---------- Records supplied ----------

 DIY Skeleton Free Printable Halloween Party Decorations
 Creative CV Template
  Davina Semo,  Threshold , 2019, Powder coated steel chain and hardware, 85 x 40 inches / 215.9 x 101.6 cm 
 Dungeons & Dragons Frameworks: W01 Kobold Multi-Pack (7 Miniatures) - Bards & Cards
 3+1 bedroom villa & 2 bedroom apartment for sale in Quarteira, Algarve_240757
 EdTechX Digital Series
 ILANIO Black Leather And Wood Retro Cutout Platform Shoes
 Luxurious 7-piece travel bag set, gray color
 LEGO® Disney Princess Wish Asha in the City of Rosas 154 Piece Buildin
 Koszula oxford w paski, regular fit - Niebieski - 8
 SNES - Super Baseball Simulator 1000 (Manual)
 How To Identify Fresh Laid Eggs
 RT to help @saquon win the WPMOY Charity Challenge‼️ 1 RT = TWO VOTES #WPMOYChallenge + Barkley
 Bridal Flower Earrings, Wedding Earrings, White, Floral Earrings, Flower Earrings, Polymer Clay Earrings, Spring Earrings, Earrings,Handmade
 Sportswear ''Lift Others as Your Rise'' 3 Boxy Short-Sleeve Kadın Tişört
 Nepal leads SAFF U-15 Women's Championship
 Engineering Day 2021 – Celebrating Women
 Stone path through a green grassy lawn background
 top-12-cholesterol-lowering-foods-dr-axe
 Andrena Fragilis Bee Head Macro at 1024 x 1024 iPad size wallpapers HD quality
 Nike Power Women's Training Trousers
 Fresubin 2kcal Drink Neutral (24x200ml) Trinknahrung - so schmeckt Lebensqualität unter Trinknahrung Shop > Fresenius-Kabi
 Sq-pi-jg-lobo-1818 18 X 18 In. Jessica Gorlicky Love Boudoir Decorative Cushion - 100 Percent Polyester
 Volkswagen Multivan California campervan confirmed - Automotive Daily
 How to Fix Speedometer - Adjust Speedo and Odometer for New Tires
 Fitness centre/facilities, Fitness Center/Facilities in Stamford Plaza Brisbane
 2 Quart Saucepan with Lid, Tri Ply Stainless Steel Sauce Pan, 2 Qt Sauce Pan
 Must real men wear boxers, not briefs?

----------

**Exercise details:** Copy the lines above exactly. Start with the line containing "Sq-pi-jg-lobo-1818 18 X", end with the line containing "Fitness centre/facilities, Fitness", and include both.

**Solution:**
 Sq-pi-jg-lobo-1818 18 X 18 In. Jessica Gorlicky Love Boudoir Decorative Cushion - 100 Percent Polyester
 Volkswagen Multivan California campervan confirmed - Automotive Daily
 How to Fix Speedometer - Adjust Speedo and Odometer for New Tires
 Fitness centre/facilities, Fitness Center/Facilities in Stamford Plaza Brisbane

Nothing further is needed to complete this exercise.